Monday, November 21, 2005

Drug Addiction Example of Attributing Properties to Physical Inputs

New Scientist, reports: "Gaming fanatics show hallmarks of drug addiction"

(via Slashdot)

I think we're meant to be surprised by that. We're supposed to think that the game is somehow acting like a drug. But unlike a drug there's no physical thing you're addicted to, there's not chemical substance with addictive properties. At most, calling it an addiction, like drug addiciton, is mere analogy.

This is good example of how people tend to attribute a property associated with some 'input', in this case, addiction, to be the result of the input having that kind of property.
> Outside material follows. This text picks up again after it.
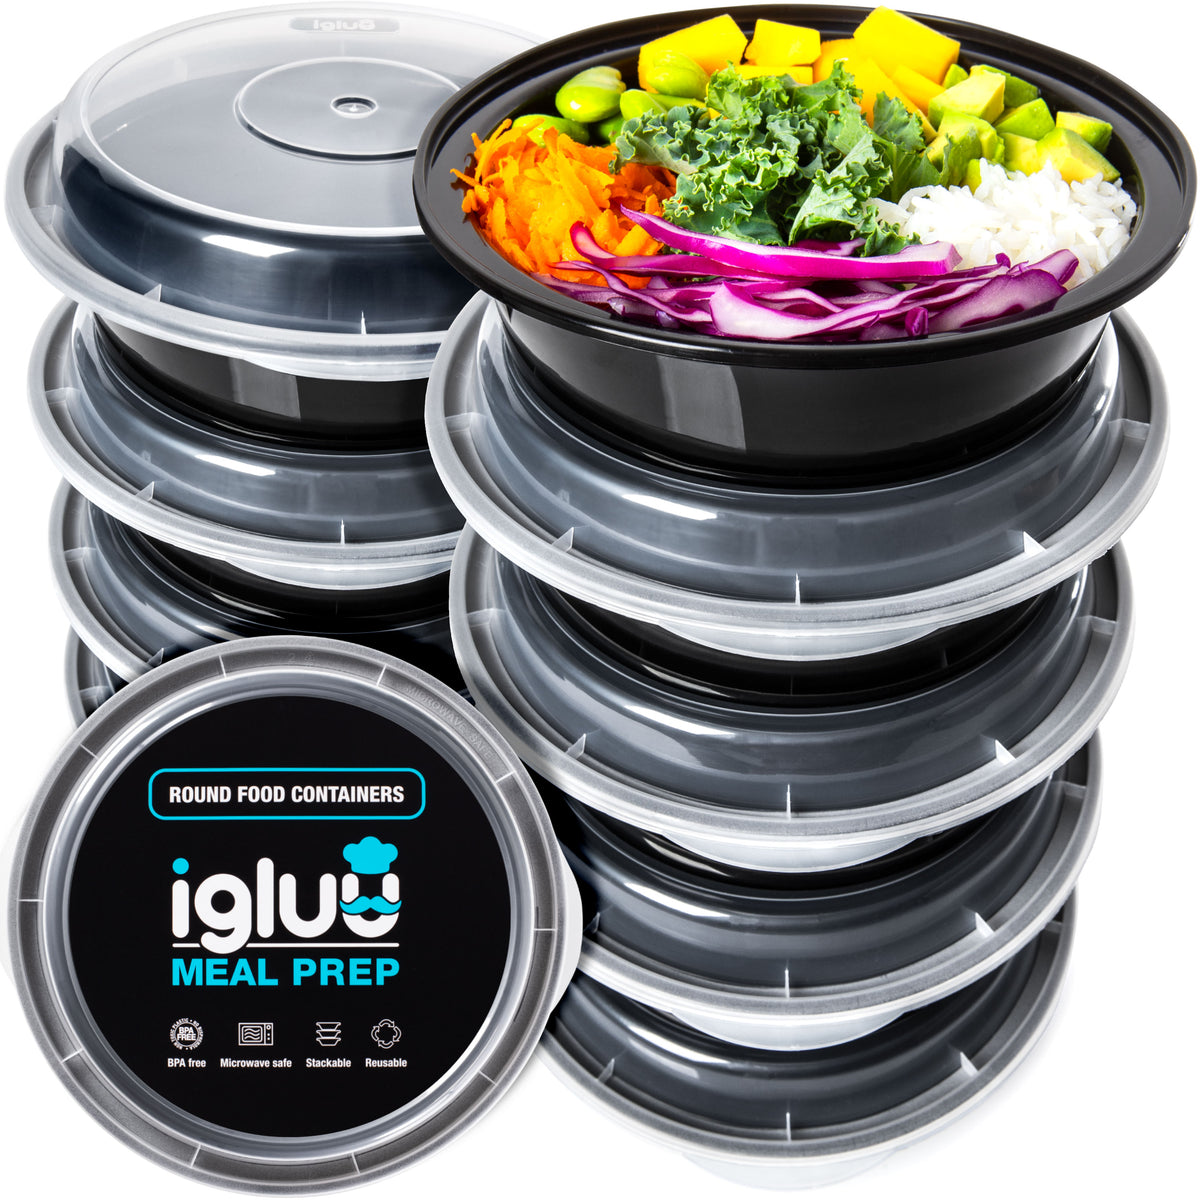 Igluu Meal Prep Reviews - Read 369 Genuine Customer Reviews

That is, if something is addictive, it's because the input has the property of 'addictiveness'. But often the properties are really more to do with what we do with thoes 'inputs'. Sleeping tables don't make you sleep because they have some 'sleepyness' property (I mentioned an example of this kind of thing, concerning carcinogens, in this post - scroll down to the paragraph starting with 'The second section moves from...').

Addictiveness has to do with our pysiological/psychological processing of 'input', and there's no reason to assume that a 'physical' input like a drug is fundametally different from a 'non-phyiscal' input like a computer game.

I think this case is also an example of how people think of physical 'things', in this case, drugs, as somehow more 'real' than -- supposedly -- non-physical things, in this case, playing computer games.